Detecting natural selection by empirical comparison to random regions of the genome

TitleDetecting natural selection by empirical comparison to random regions of the genome
Publication TypeJournal Article
Year of Publication2009
AuthorsYu F, Keinan A, Chen H, Ferland RJ, Hill RS, Mignault AA, Walsh CA, Reich D
JournalHum. Mol. Genet.
KeywordsAdaptor Proteins, Computer Simulation, DNA, Forkhead Transcription Factors, G-Protein-Coupled, Gene Frequency, Genetic, Genome, Haplotypes, Human, Humans, Models, Nerve Tissue Proteins, Neurogenesis, Polymorphism, Receptors, Selection, Sequence Analysis, Signal Transducing, Single Nucleotide

Historical episodes of natural selection can skew the frequencies of genetic variants, leaving a signature that can persist for many tens or even hundreds of thousands of years. However, formal tests for selection based on allele frequency skew require strong assumptions about demographic history and mutation, which are rarely well understood.

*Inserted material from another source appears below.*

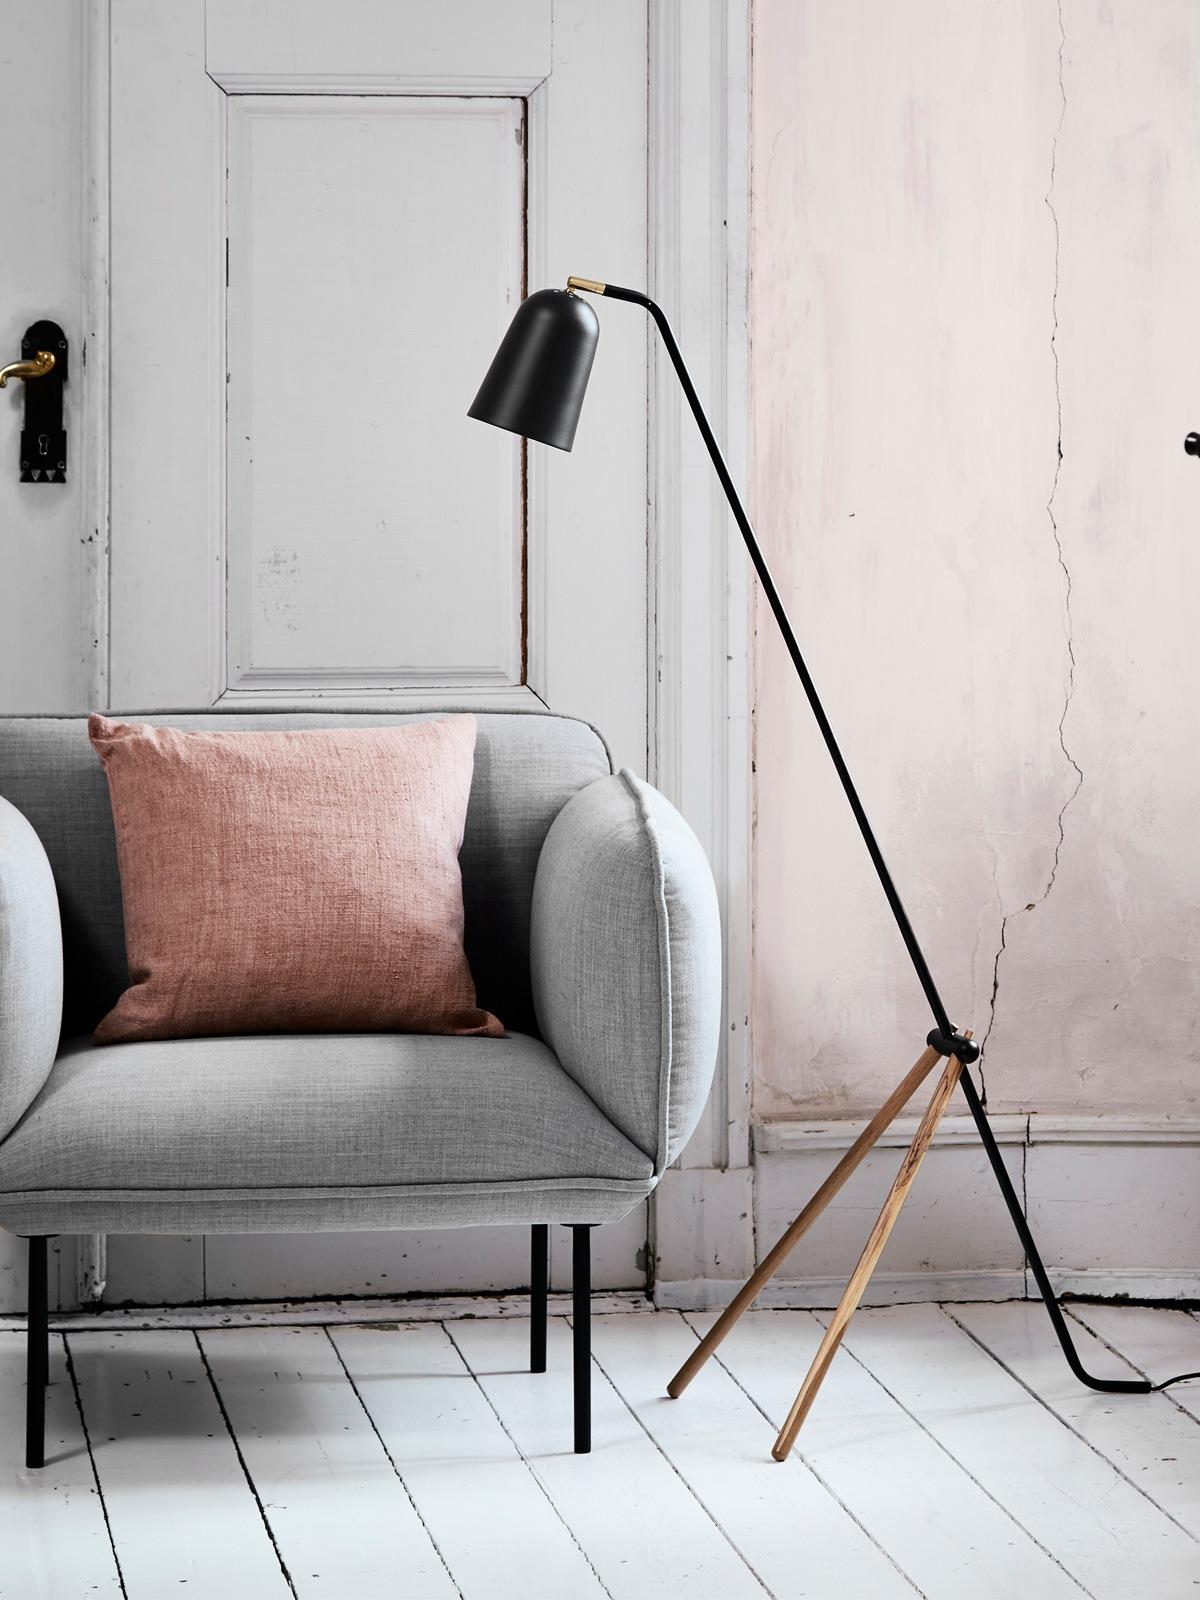 DesignOrt Lampenblog: Frandsen Leuchte Giraffe Floor Lamp Stehleuchte DesignOrt Onlineshop Lampen Berlin

Here, we develop an empirical approach to test for signals of selection that compares patterns of genetic variation at a candidate locus with matched random regions of the genome collected in the same way. We apply this approach to four genes that have been implicated in syndromes of impaired neurological development, comparing the pattern of variation in our re-sequencing data with a large-scale, genomic data set that provides an empirical null distribution. We confirm a previously reported signal at FOXP2, and find a novel signal of selection centered at AHI1, a gene that is involved in motor and behavior abnormalities. The locus is marked by many high frequency derived alleles in non-Africans that are of low frequency in Africans, suggesting that selection at this or a closely neighboring gene occurred in the ancestral population of non-Africans. Our study also provides a prototype for how empirical scans for ancient selection can be carried out once many genomes are sequenced.